How to start a new process without administrator privileges from a process with administrator privileges?

Erlend D. picture Erlend D. · Jun 23, 2012 · Viewed 19.1k times · Source

I am creating an automatic updater for an application. The application is started by the user, and runs without administrator privileges. The autoupdater is started with administrator privileges, and kills the application before it downloads the new files.

The problem comes when I want to start the updated application after the autoupdater is finished. If I use regular System.Diagnostics.Process.Start(file), the application starts with administrator privileges too, and it has to run on the current user to work as intended.

So, how can I make the autoupdater start the application as the current user instead of the administrator?

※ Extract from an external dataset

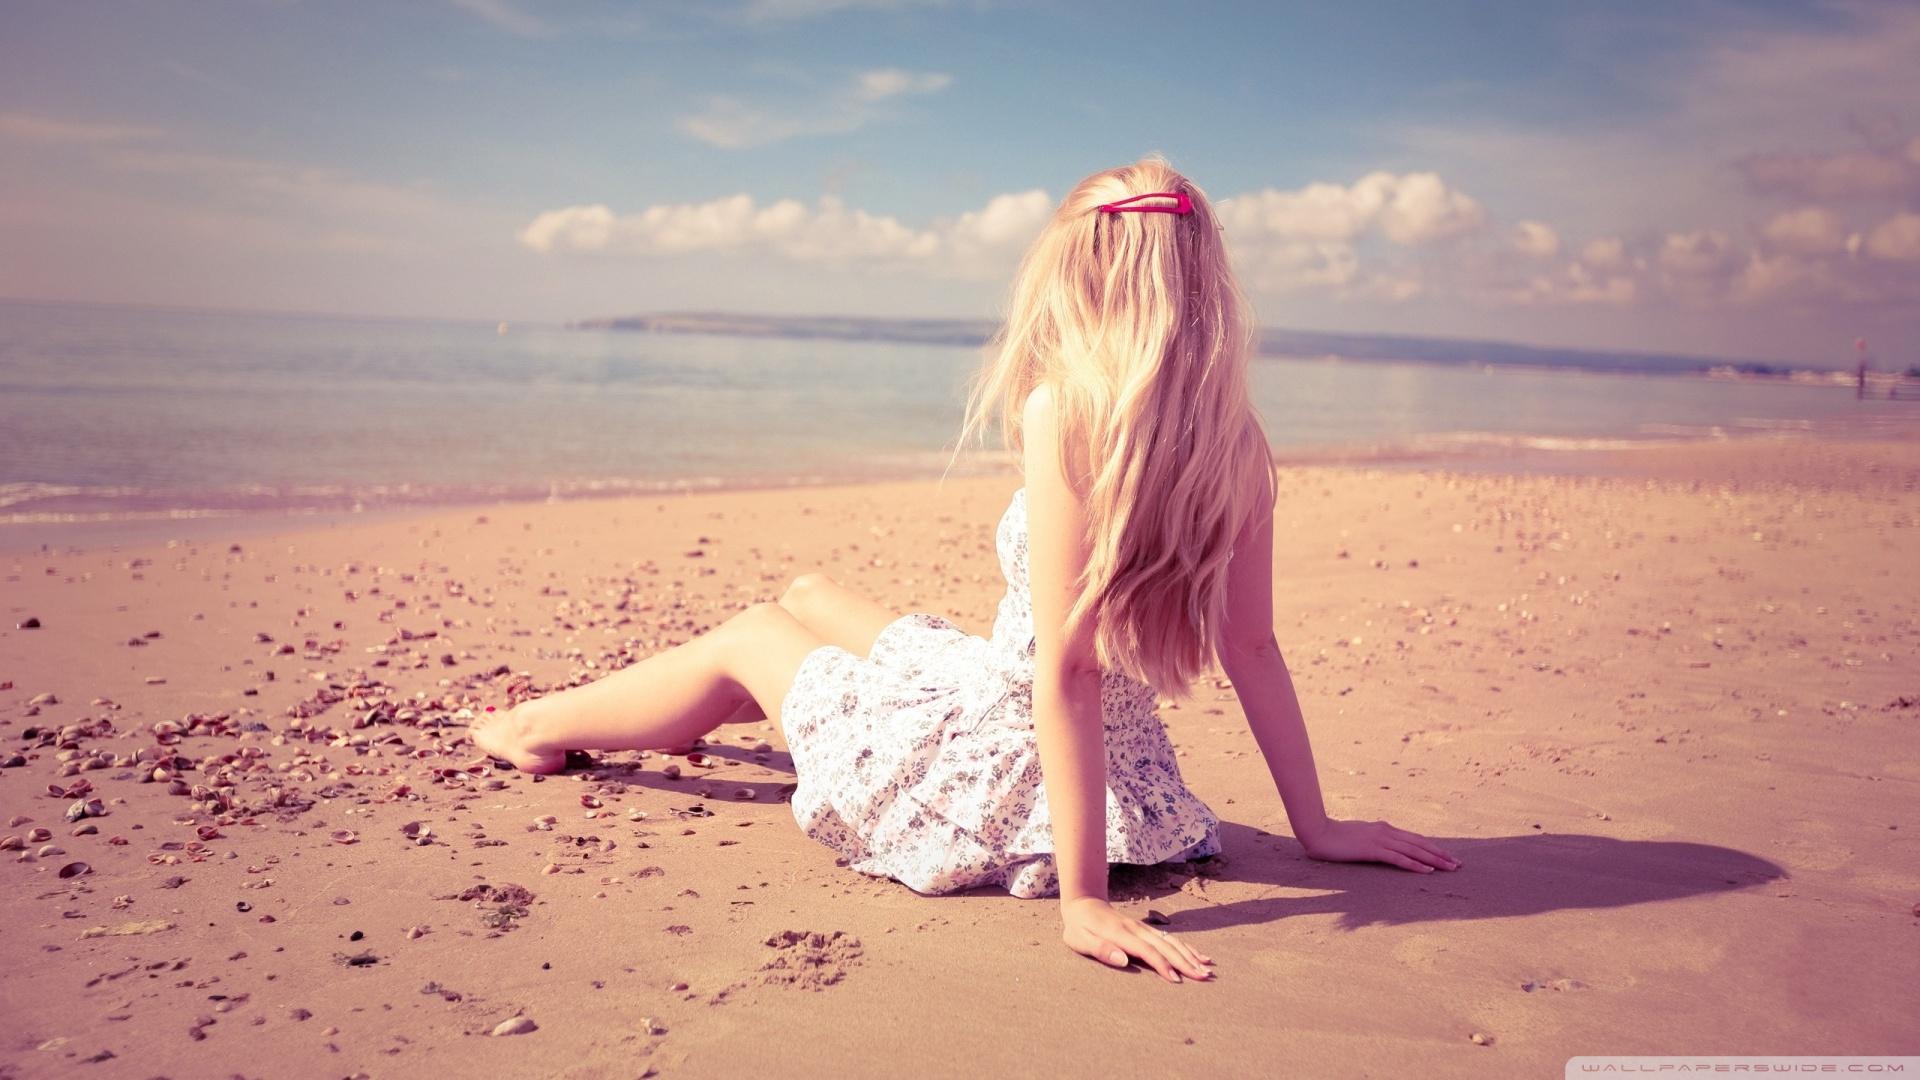 Blonde Girl On The Beach HD desktop wallpaper : High Definition

I have tried using the following:

var pSI = new ProcessStartInfo() { 
    UseShellExecute = false, 
    UserName = Environment.UserName, 
    FileName = file 
};
System.Diagnostics.Process.Start(pSI);

But this throws the error "Invalid user name or password". I have checked that the username is correct, and I understand that the password probably is invalid, as I have not included it. But it is not an option to ask the user to input his/her password, since the entire reason to start the application automatically is to make it easier for the user.

Any suggestions?

Answer

David Heffernan picture David Heffernan · Jun 27, 2013

What you are trying to achieve cannot be done very easily and is not supported. However, it is possible using a modicum of hacking. Aaron Margosis wrote an article describing one technique.

To quote the pertinent section, you will need to carry out these steps:

  1. Enable the SeIncreaseQuotaPrivilege in your current token
  2. Get an HWND representing the desktop shell (GetShellWindow)
  3. Get the Process ID (PID) of the process associated with that window (GetWindowThreadProcessId)
  4. Open that process (OpenProcess)
  5. Get the access token from that process (OpenProcessToken)
  6. Make a primary token with that token (DuplicateTokenEx)
  7. Start the new process with that primary token (CreateProcessWithTokenW)

The article contains a download link for some demo C++ source from which it should be simple enough to translate to C#.